Bakan Nebati Twitter hesabından yaptığı açıklamada, "Ek Bütçeyle amacımız; işçilerimizin, emeklilerimizin, çalışanlarımızın ve ihtiyaç sahibi vatandaşlarımızın daha fazla yanında olabilmek ve ülkemizin büyüme ve istihdam potansiyeline katkı sağlayacak yatırımları daha hızlı tamamlayabilmektir." dedi.
YÜZDE 173 ARTIŞ
Hazine ve Maliye Bakanı Nebati, TBMM Plan ve Bütçe Komisyonunda 2022 yılı Merkezi Yönetim Ek Bütçe Kanunu Teklifi’ne ilişkin bir sunum yaptı. Nebati, Türkiye’nin 2021 yılını milli gelire oranla yüzde 2,7’lik bütçe açığı ile kapattıklarını belirterek, dünyada hızla yükselen enflasyon, tedarik zincirlerindeki bozulma, emtia fiyatlarındaki rekor seviyeler ve Rusya-Ukrayna savaşının tüm ülkelerde olduğu gibi ülkemizde de makroekonomik görünüm ve varsayımlarda çok büyük değişimlere yol açtığını kaydetti. Bakan Nebati, “Öncesinde halihazırda yükseliş eğiliminde olan emtia fiyatları savaşla birlikte daha da ivme kazanmış, enflasyon bu süreçte artmaya devam ederek birçok ülkede son 35-40 yılın en yüksek seviyelerine ulaşmıştır. Tüm dünyada hem tüketici hem de üreticilerin yüksek enflasyon nedeniyle ekonomik zorluklar yaşadığını görmekteyiz. Dünyada salgınla birlikte artan tedarik sıkıntıları savaş nedeniyle sürmektedir. Rusya’ya uygulanan yaptırımlar özellikle enerji ve gıda fiyatlarının yüksek seyretmesine neden olmaktadır. Küresel düzeyde petrol fiyatları 2021 yılına göre yaklaşık yüzde 60 artarak 100-120 dolar seviyesinde işlem görmektedir. Avrupa’da 2021 yılında ortalama 47,5 avro olan megavat saat başına doğalgaz fiyatı yüzde 173 artarak 130 avroya yükselmiştir” ifadelerini kullandı.

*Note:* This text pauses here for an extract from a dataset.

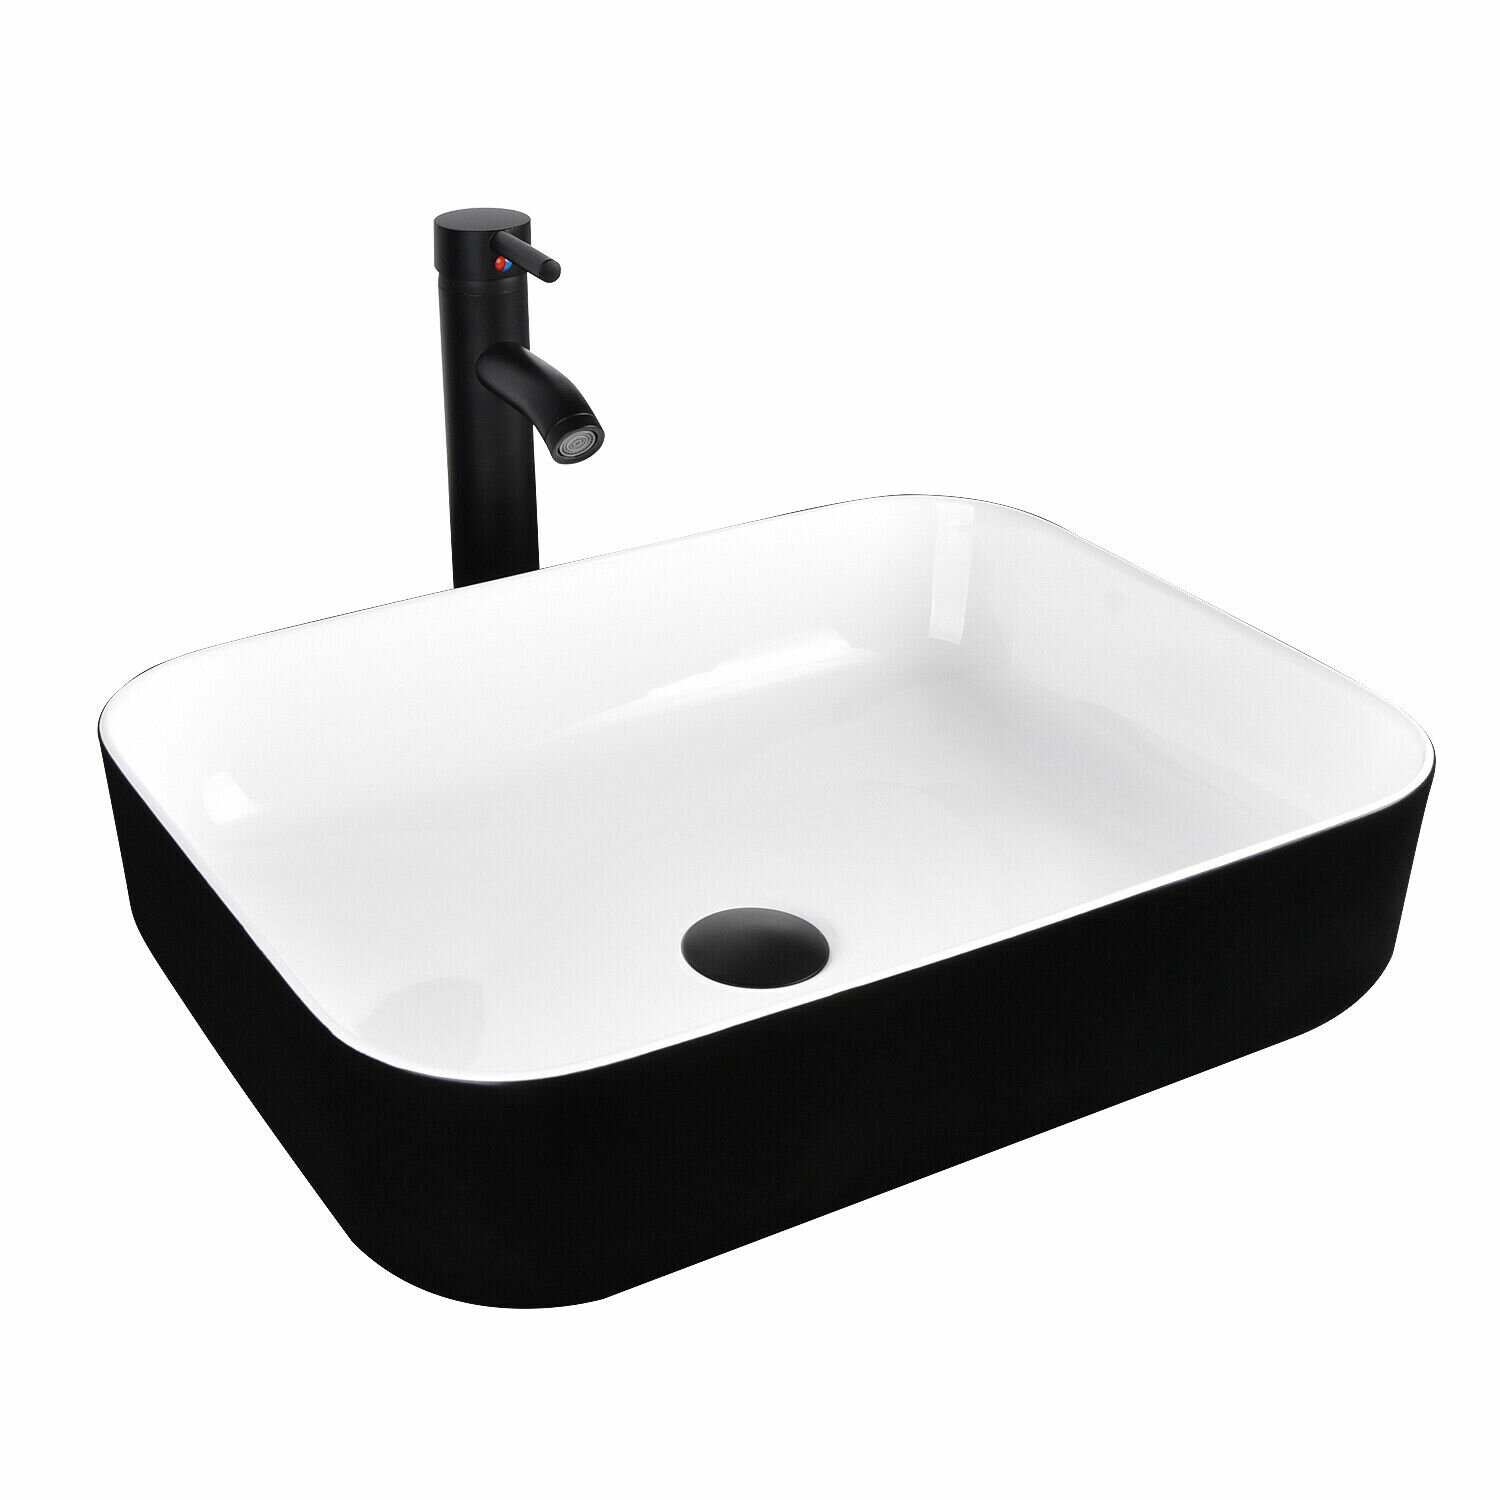 Rays White Ceramic Square Vessel Bathroom Sink With Faucet Reviews Wayfairca

Türkiye Ekonomi Modeli'ni uygulamaya aldıklarını hatırlatan Nebati, “Bu modelde yatırım, yüksek katma değerli üretim ve ihracat artışını teşvik etmek suretiyle cari işlemlerde dengeyi sağlamayı, dış finansman ihtiyacını azaltmayı, dış tasarruflara bağımlılığı ortadan kaldırmayı ve güçlü istihdam artışının sürdürülebilir hale gelmesini hedefliyoruz. Azalan dış finansman ihtiyacı ile birlikte enflasyon üzerindeki kur baskılarının düşeceğini öngörüyoruz. Sanayi ve turizm gibi dış ticarete konu ve döviz kazandırıcı sektörlerin hızlanması model kapsamında attığımız adımların önemini ortaya koymaktadır. Ülkemizde üretim, ihracat ve yatırımlar, küresel ve bölgesel tüm olumsuz gelişmelere rağmen artışını güçlü bir şekilde sürdürürken, istihdam piyasasındaki olumlu görünüm de devam etmektedir” şeklinde konuştu.
Türkiye’nin 2021 yılında yüzde 11 büyüme ile G20 içinde en hızlı büyüyen ülke olduğunu ve değişen şartlara ne kadar büyük bir hızla uyum sağlayabildiğini bir kez daha ispat ettiğini ifade eden Bakan Nebati, “2022 yılının ilk çeyreğinde ise Rusya-Ukrayna savaşının neden olduğu belirsizlik ortamına ve etkileri devam eden salgına rağmen ekonomimizin yüzde 7,3 büyüme kaydetmesi oldukça değerlidir. Bu büyümeye iç talebin katkısı 3,9 puan olurken, kırdığımız ihracat rekorlarının bir yansıması olarak dış talebin katkısı 3,5 puan olmuştur” diye konuştu.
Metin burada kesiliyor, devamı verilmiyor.